China is the world’s biggest polluter, responsible for 28 per cent of carbon emissions. India is third, at seven per cent. Both countries are reluctant to commit to binding targets. Is there much point in pushing ahead without them?
I suppose I ought to add, at this point, that I believe the world is heating, at least partly in response to human activity. If you disagree, fine. But there is then no point in arguing about targets and international deals. If you fundamentally don’t think there is any problem, we will just go round and round in circles.
If, on the other hand, you see a problem, the question becomes how to tackle it affordably and proportionately. Our aim should be to harness the genius of the private sector – to use inventions like that hydrogen motor – so as to minimise extra spending and extra bureaucracy.

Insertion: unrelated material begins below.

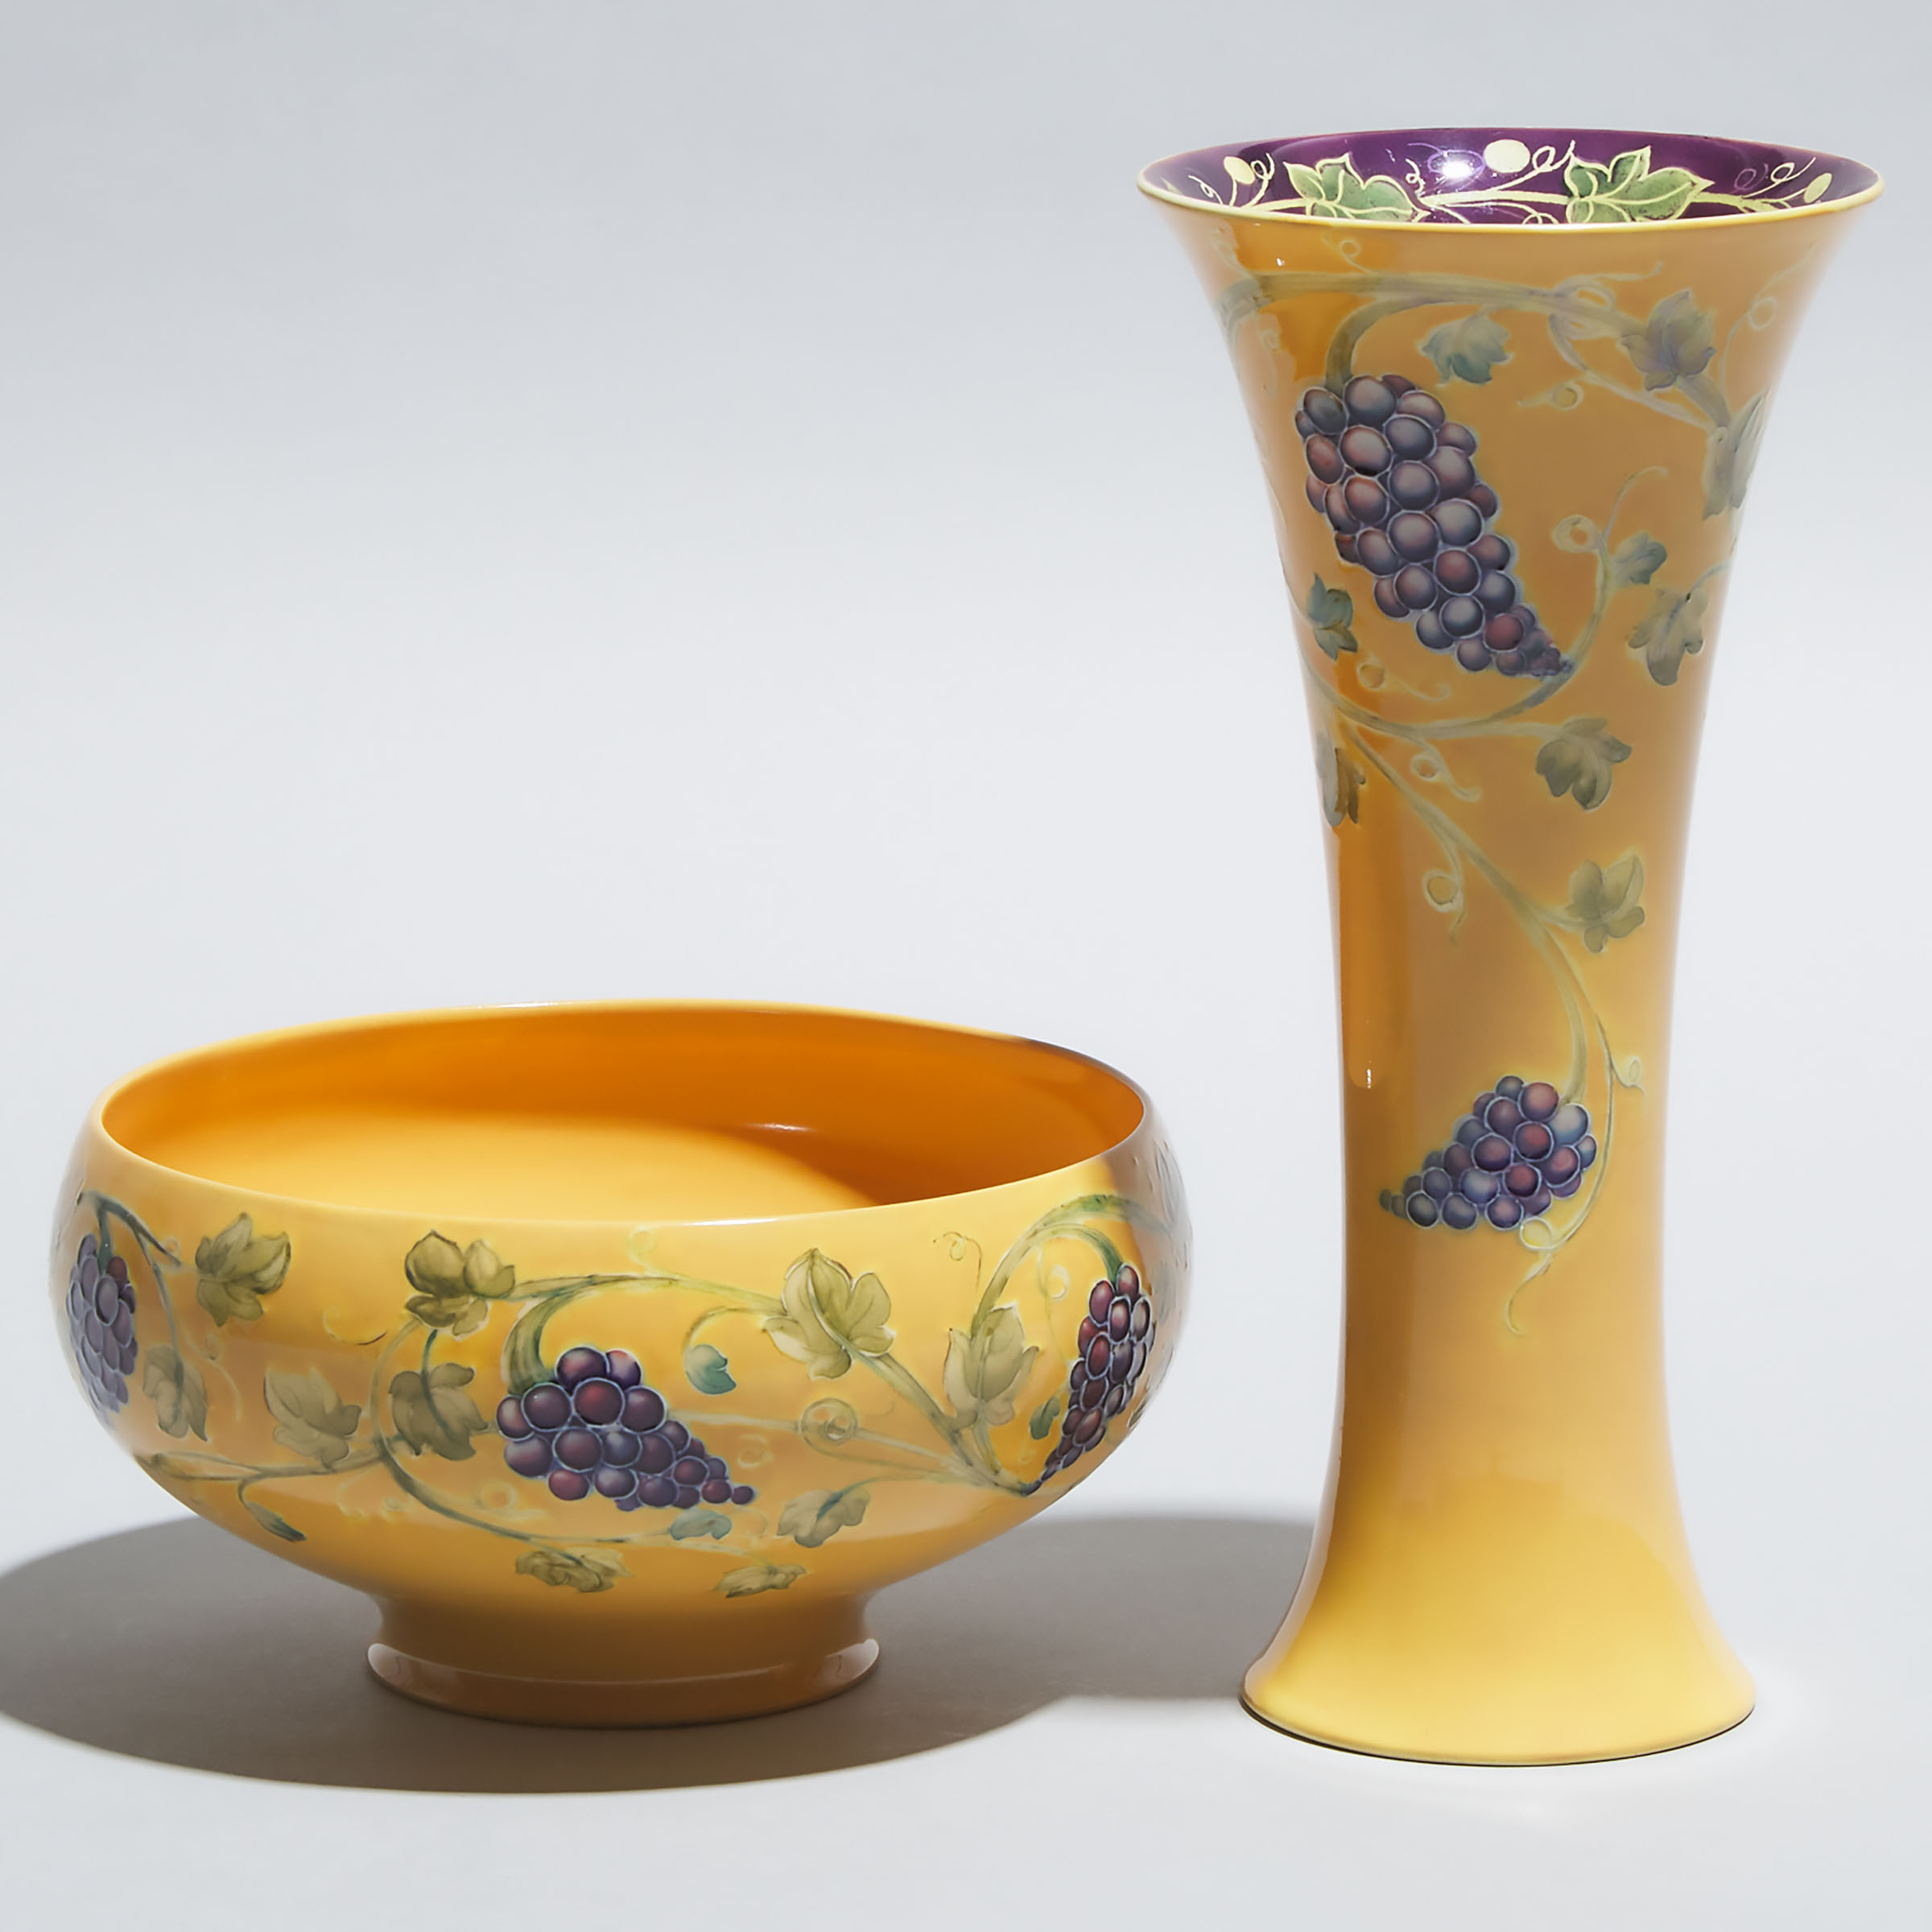 Macintyre Moorcroft Lustre Grapevine Vase and a Bowl, for Liberty & Co., c.1908

It is fair enough to argue that someone needs to make the first move. It is fair enough, too, to point out that the whole world should not hang back simply because two or three states won’t join in. The question is one of proportionality.

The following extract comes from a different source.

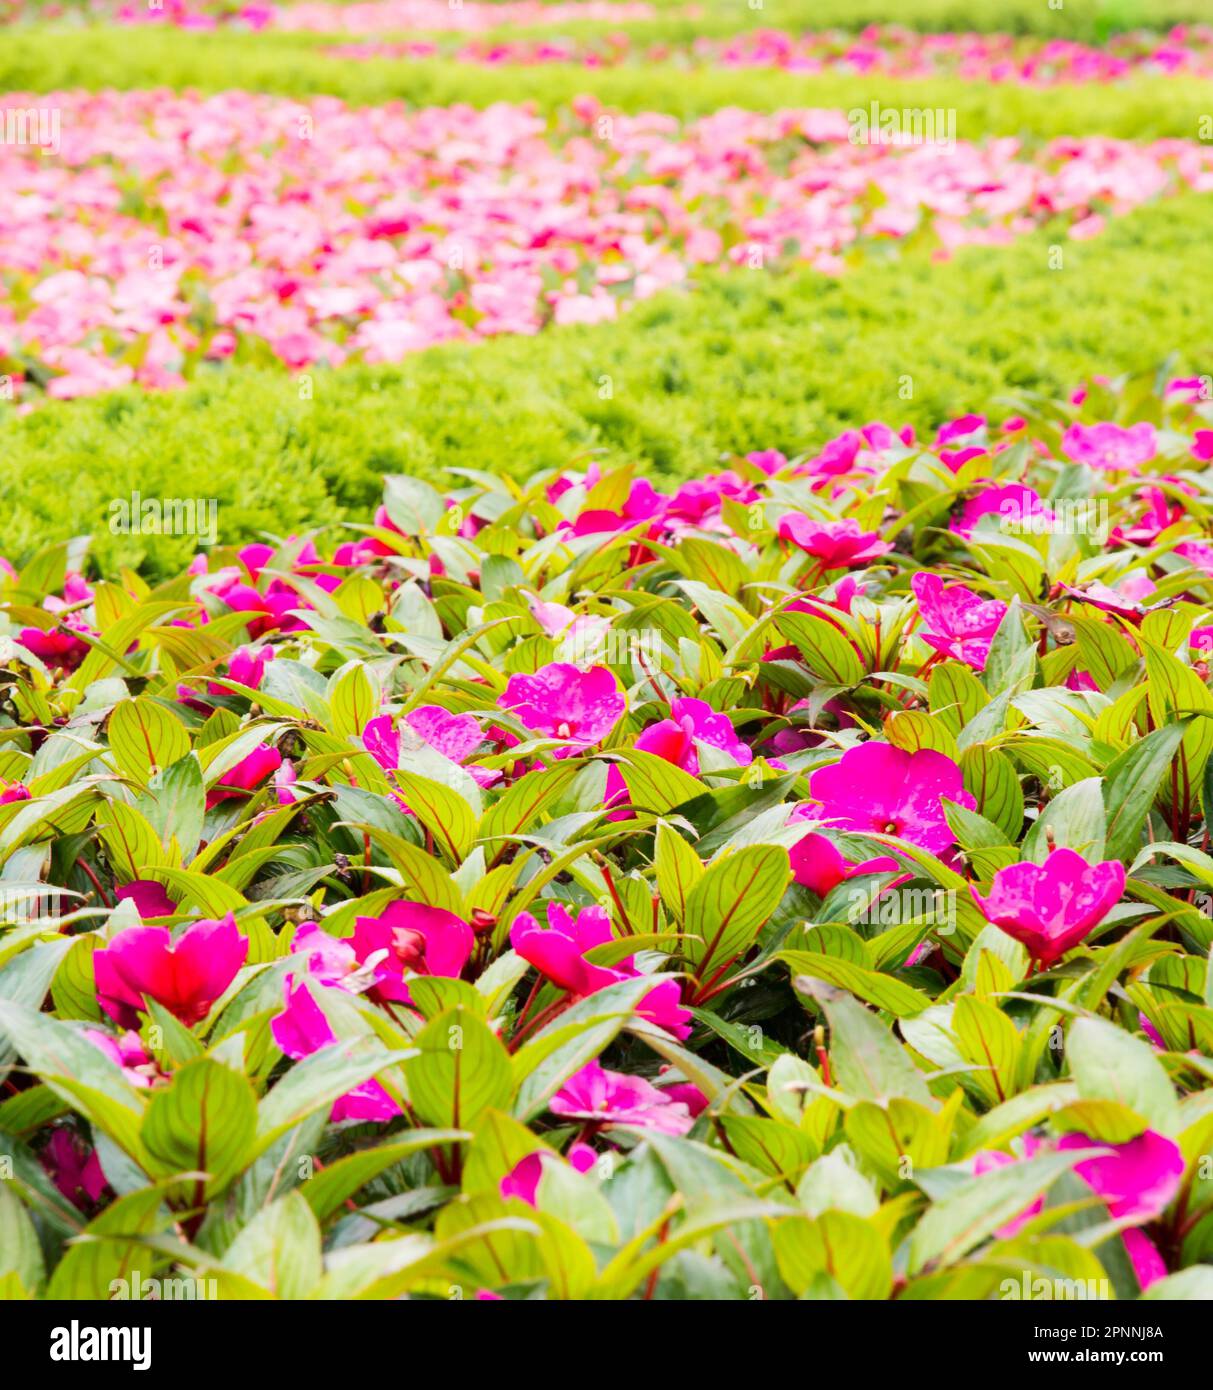 Flower bed with shallow depth of field Stock Photo

It is here that my doubts arise. The commitments we have made go beyond most of our competitors’. The EU and the United States lag behind us, though not by much. Canada, Australia and Japan lag a bit further. China talks vaguely of peaking around 2030. A clutch of states – Russia, Turkey, Saudi Arabia – are barely bothering to go through the motions.
Leading by example is all well and good. Impoverishing yourself in order to make a point, not so much. The danger, as with all government initiatives, is that we reach a critical mass where, even if it becomes clear that the rest of the world isn’t following, a powerful lobby of rent-seekers and eco-corporatists continue to drive the policy for its own sake.
Don’t underestimate how painful the adjustment will be. “Energy is not just another sector of the economy,” the great Matt Ridley points out. “It is the thermodynamic lifeblood of prosperity.” Modern civilisation became possible when falling energy prices released human beings from back-breaking labour. In 1880 a minute’s work would buy four minutes of artificial light. In 1950 it was seven hours of light. By 2000 it was five days.
None of this is to say that we should give up. There will be more breakthroughs like the JCB engine. Batteries should, over time, become cheaper and lighter. New ways might be found to heat houses. We might even happen across a completely new, clean energy source – fusion, say. The cost of climate mitigation, like the cost of adaptation, will fall as technology improves.
All I am asking for is perspective. We need constantly to weigh costs and benefits; to tackle the freeloader dilemma; to consider that innovation might lower prices, and so make calculated postponements rational; to ask whether there are other priorities (in 2020, for example, there was).
We should, in short, approach climate change in a transactional rather than a millenarian spirit, looking for maximum effectiveness rather than seeking to flaunt our piety. Conservatives, of all people, ought to understand that.